The solubility product of $$PbI_2$$ is $$8.0 \times 10^{-9}$$. The solubility of lead iodide in 0.1 molar solution of lead nitrate is $$x \times 10^{-6}$$ mol/L. The value of x is ______ (Rounded off to the nearest integer)
[Given $$\sqrt{2} = 1.41$$]

The dissolution equilibrium for $$PbI_2$$ is:

$$PbI_2 \rightleftharpoons Pb^{2+} + 2I^-$$

The solubility product expression is $$K_{sp} = [Pb^{2+}][I^-]^2 = 8.0 \times 10^{-9}$$.

In a 0.1 M lead nitrate solution, the lead ion concentration from lead nitrate is 0.1 M. Let the solubility of $$PbI_2$$ in this solution be $$s$$ mol/L.

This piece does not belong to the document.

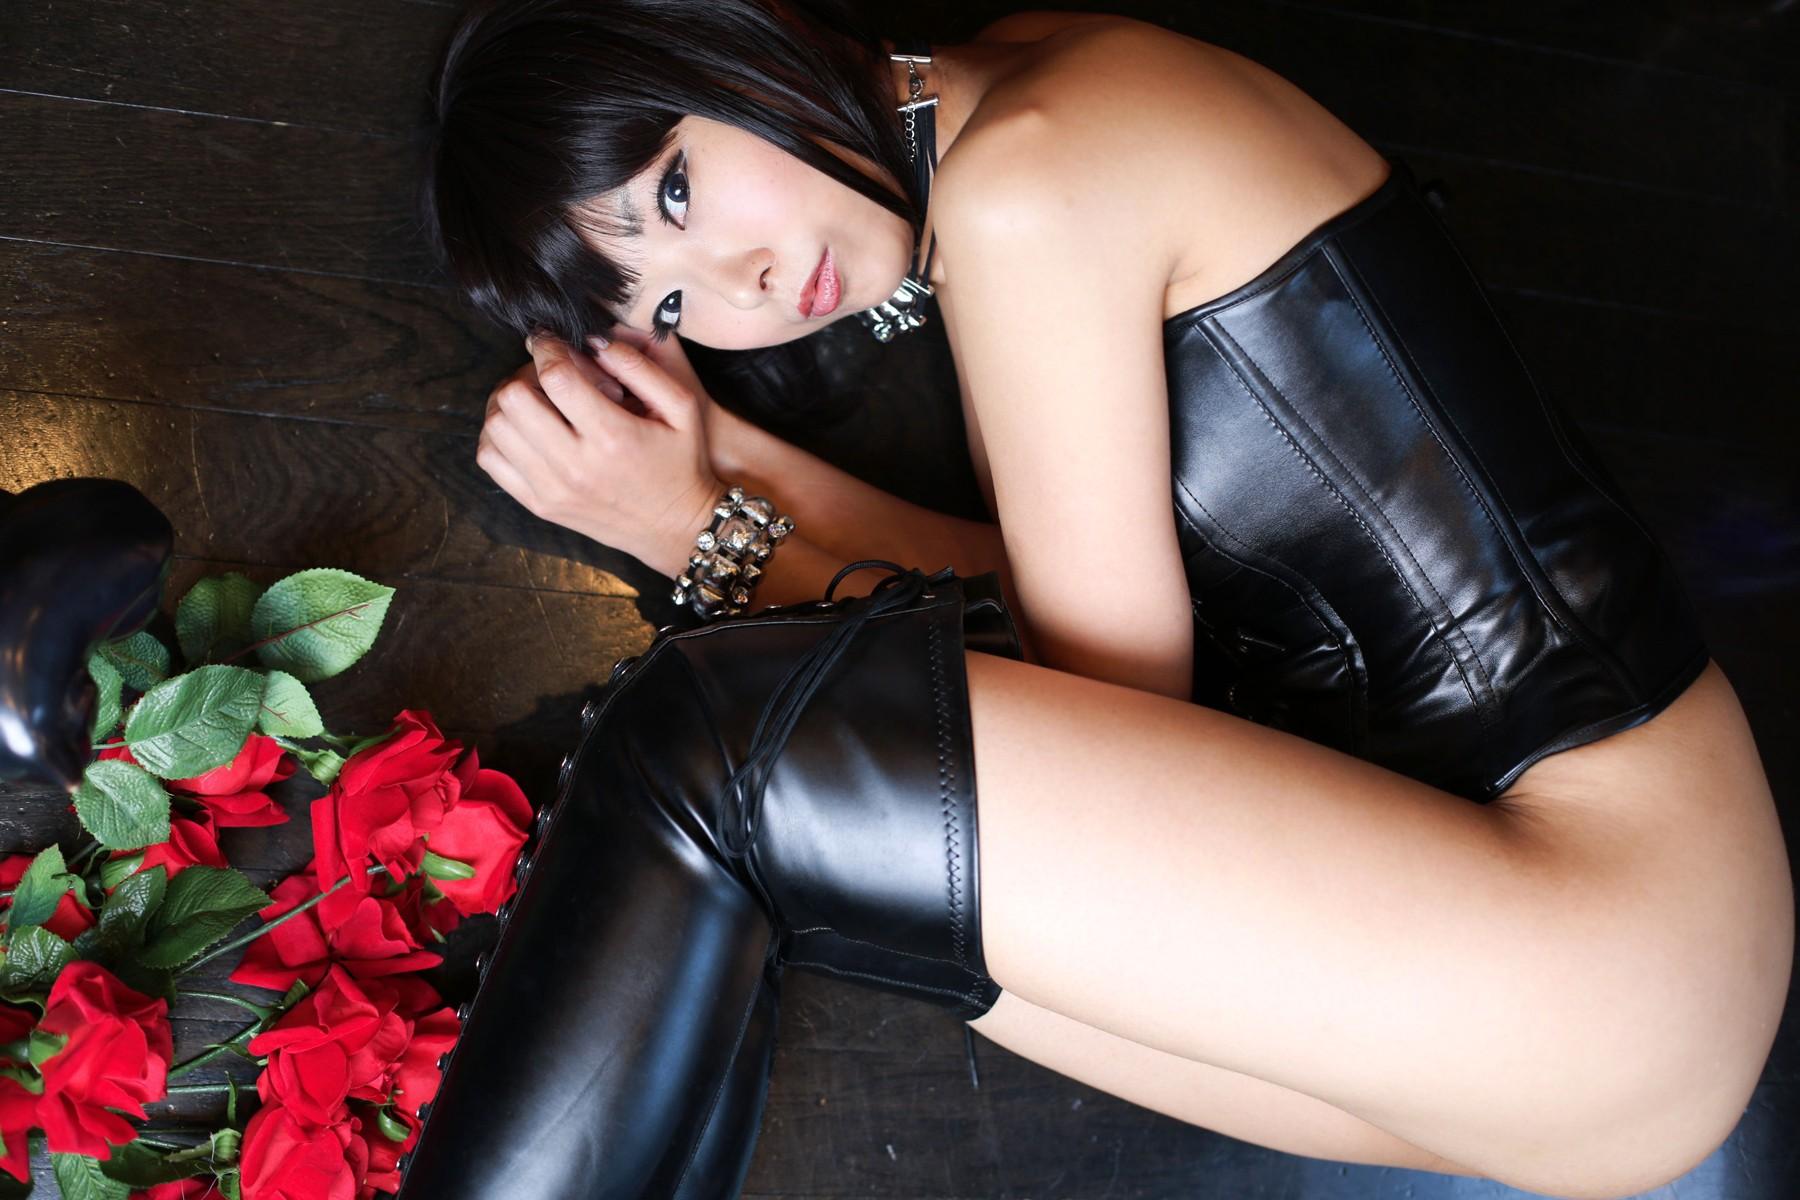 Girls naked leather, asian sex blogspot
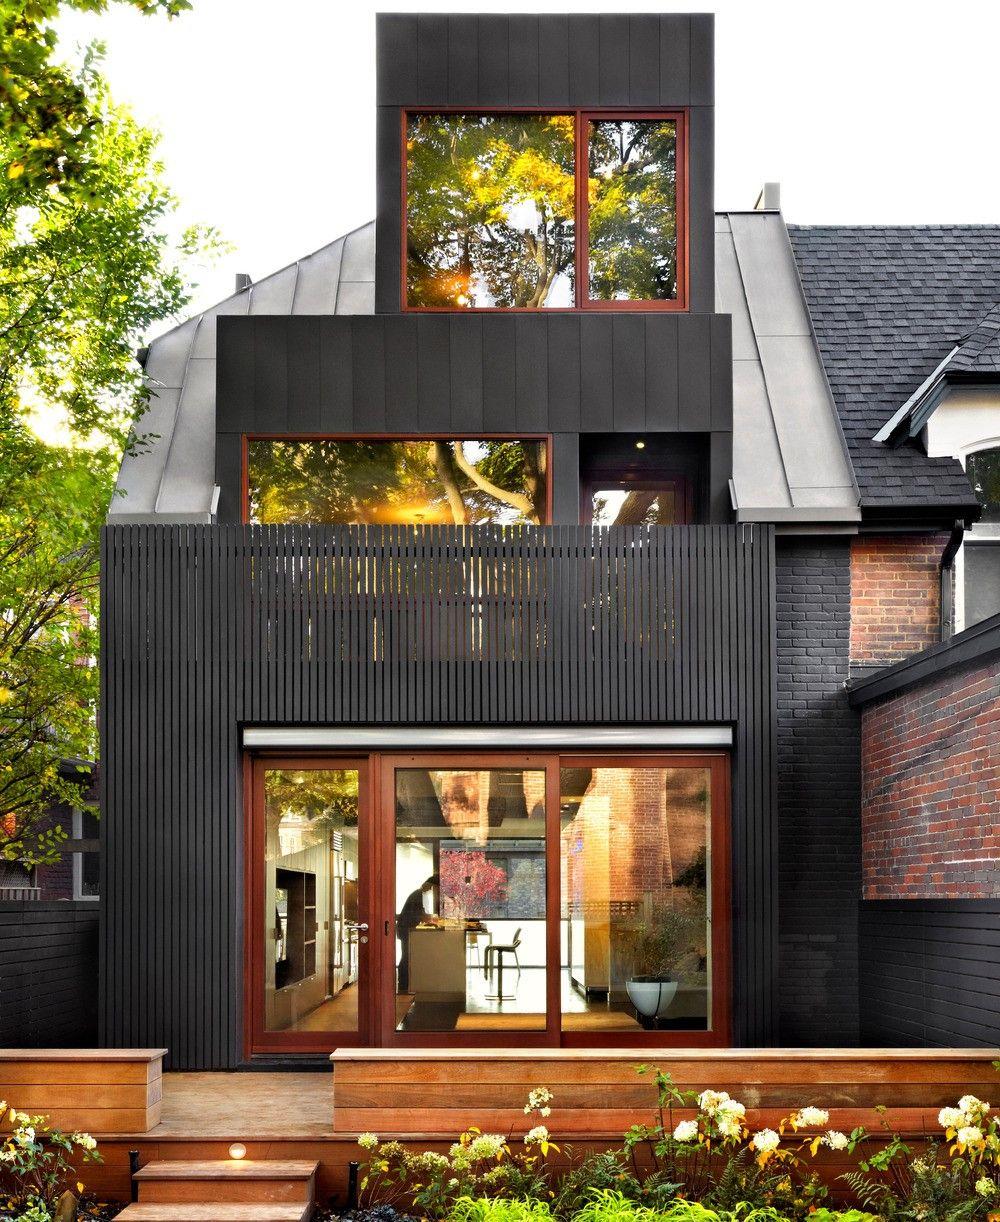 zn house by tongtong myhouseidea tiny house en 2019. Black Bedroom Furniture Sets. Home Design Ideas

Then $$[Pb^{2+}] = 0.1 + s \approx 0.1$$ M (since $$s$$ is very small compared to 0.1), and $$[I^-] = 2s$$.

Substituting into the $$K_{sp}$$ expression:

$$8.0 \times 10^{-9} = (0.1)(2s)^2 = 0.1 \times 4s^2 = 0.4s^2$$

$$s^2 = \frac{8.0 \times 10^{-9}}{0.4} = 2.0 \times 10^{-8}$$

$$s = \sqrt{2.0 \times 10^{-8}} = \sqrt{2} \times 10^{-4} = 1.41 \times 10^{-4} \text{ mol/L}$$

This equals $$141 \times 10^{-6}$$ mol/L, so the value of $$x$$ is $$\textbf{141}$$.